La pedagogia italiana, grazie a Lombardo Radice, Ernesto Codignola, Antonio Gramsci ha indicato una traccia di lavoro feconda a livello internazionale ancora oggi.

Le conclusioni positive, proprio attraverso Gramsci,  è che il limite culturale italiano è diventato paradossalmente invece una difesa dalle mode didattiche.

Questo limite culturale, attraverso il filtro di Gramsci  ma anche di Codignola, si è trasformato in una critica alle mode didattiche farcite di tassonomie, di obiettivi performativi, quelle secondo le quali  i contenuti sono indifferenti, ciò che conta sono i metodi e le tecniche da impiegare,  tutti i contenuti vanno bene, basta inserirli attraverso metodi adeguati e tecniche adeguate.

I metodi e tecniche possono aggregare, possono essere di supporto, possono gratificare ma non possono sostituire i contenuti i  quali fra l’altro hanno una loro specificità, cambiano da disciplina a disciplina e l’analisi dei contenuti è fondamentale.

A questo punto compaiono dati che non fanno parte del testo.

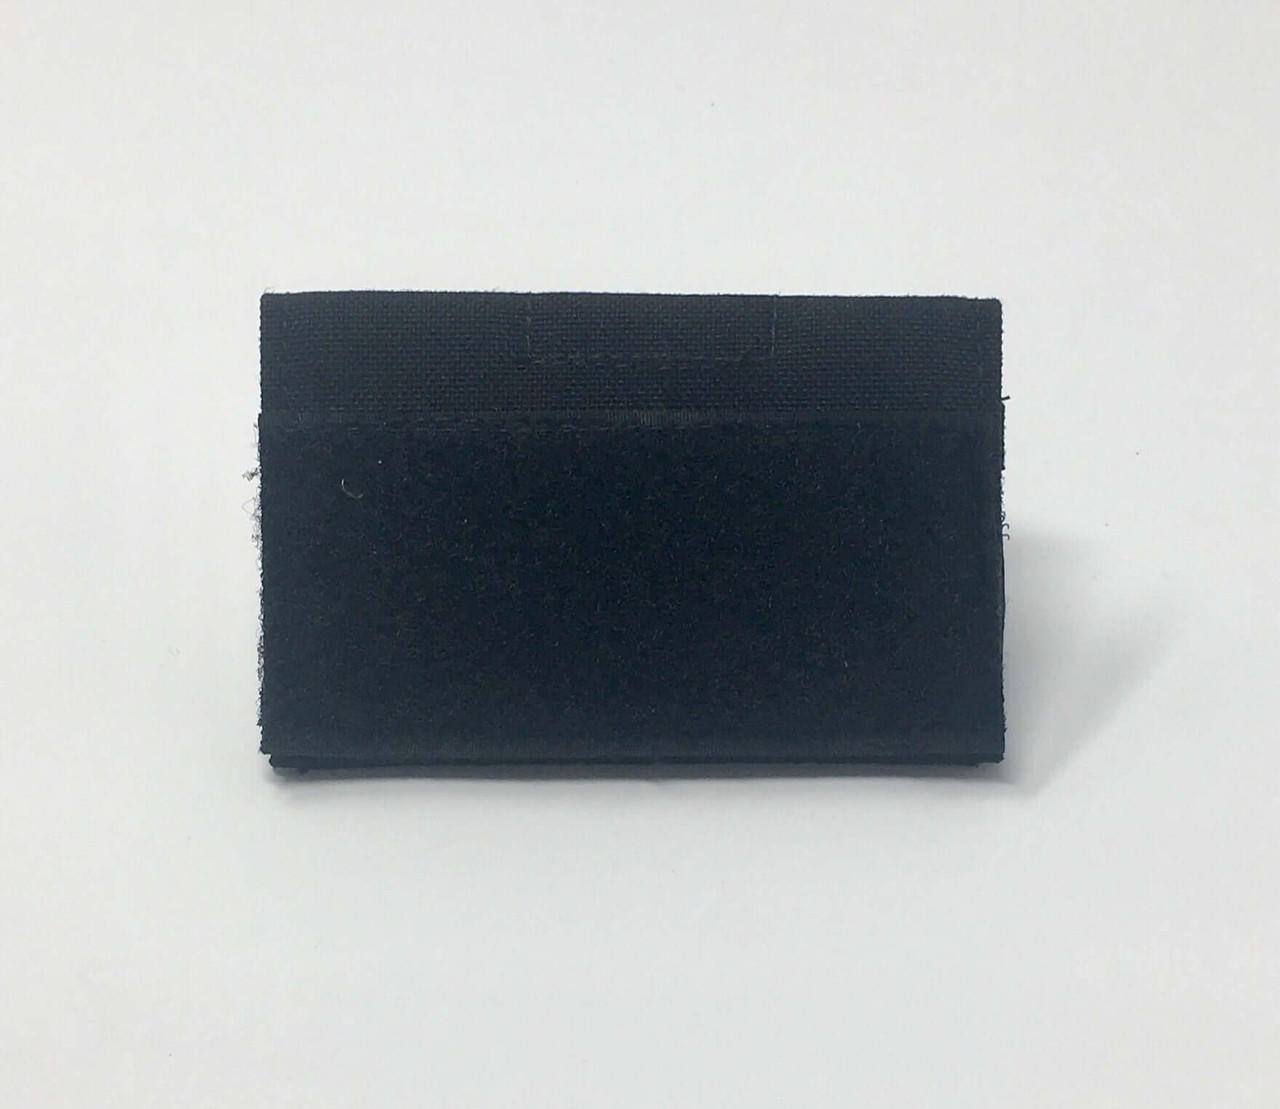  Explosive Ops Gear Battery Mini Admin Pouch (Black)

Quindi, sì all’innovazione didattica, alla esigenza del metodo,  applicazione di tecniche creative adeguate e non standard, ma attenzione alla centralità dei  contenuti e poi indichiamo senza infingimenti ciò che Gramsci chiamava il duro sforzo e sacrificio: tutti possono diventare emancipati  (il pensiero creativo, l’autonomia morale e l’autodisciplina intellettuale), ma l’emancipazione va conquistata  secondo una scala d’impegno progressiva e graduale.

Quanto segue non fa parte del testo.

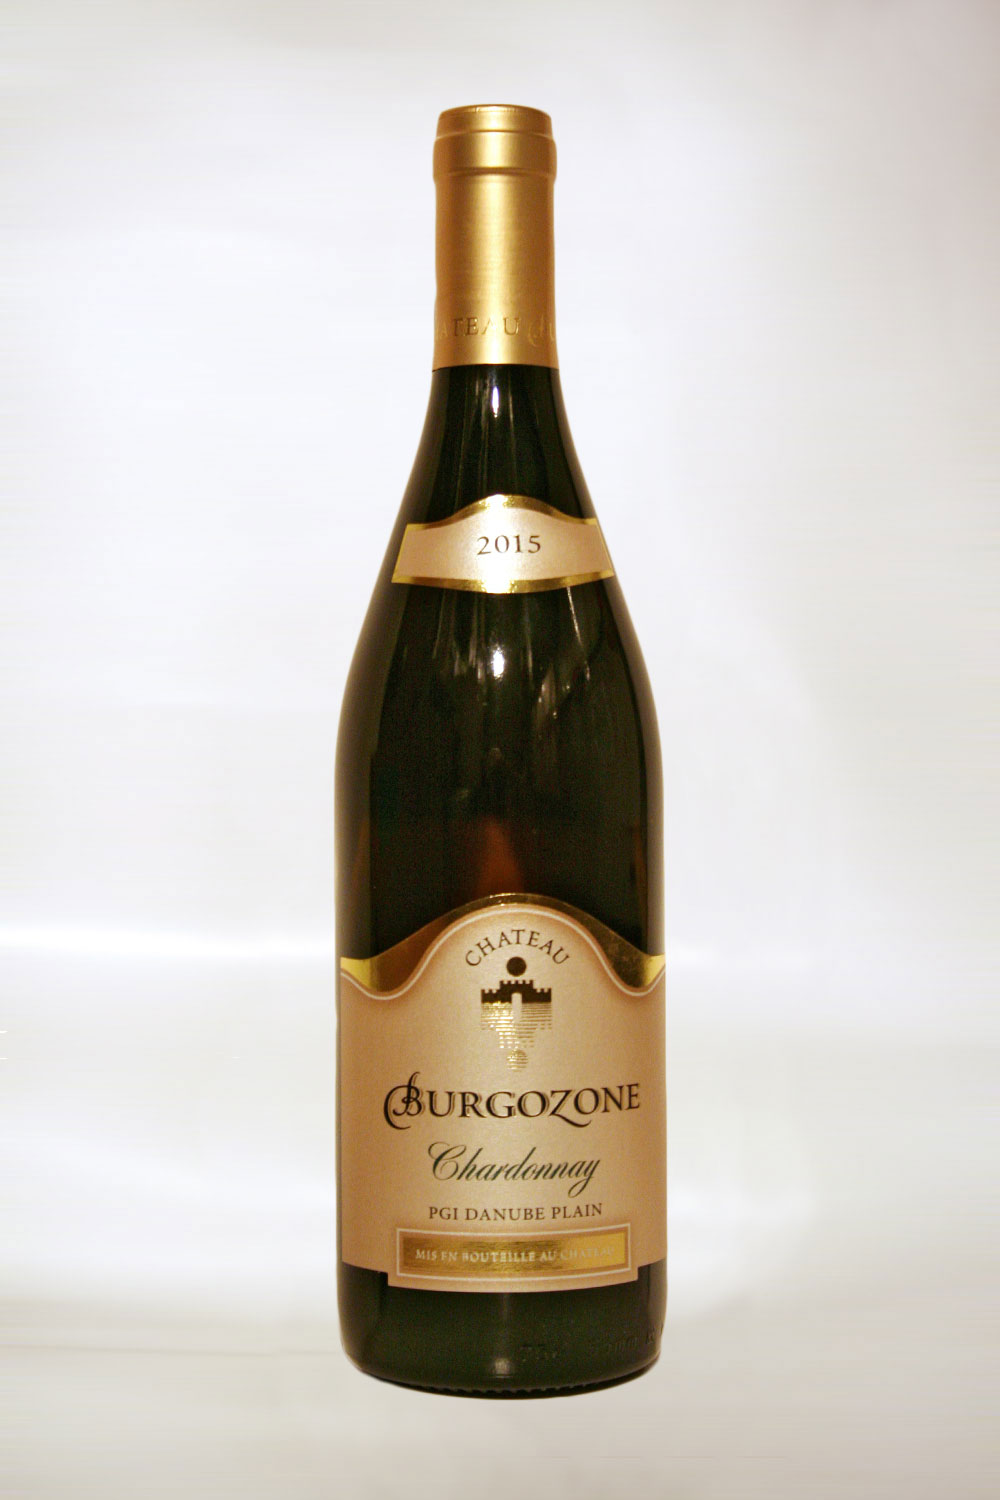 Chateau Burgozone Chardonnay 2015

Questo contributo della pedagogia italiana va incontro a questa esigenza, ossia  tutti devono avere una cultura generale di base per emancipare la propria personalità sia cognitiva che psicologica, scegliere e non farsi scegliere e così arrivare come alla specializzazione, anche alla libertà creativa e all’autonomia intellettuale.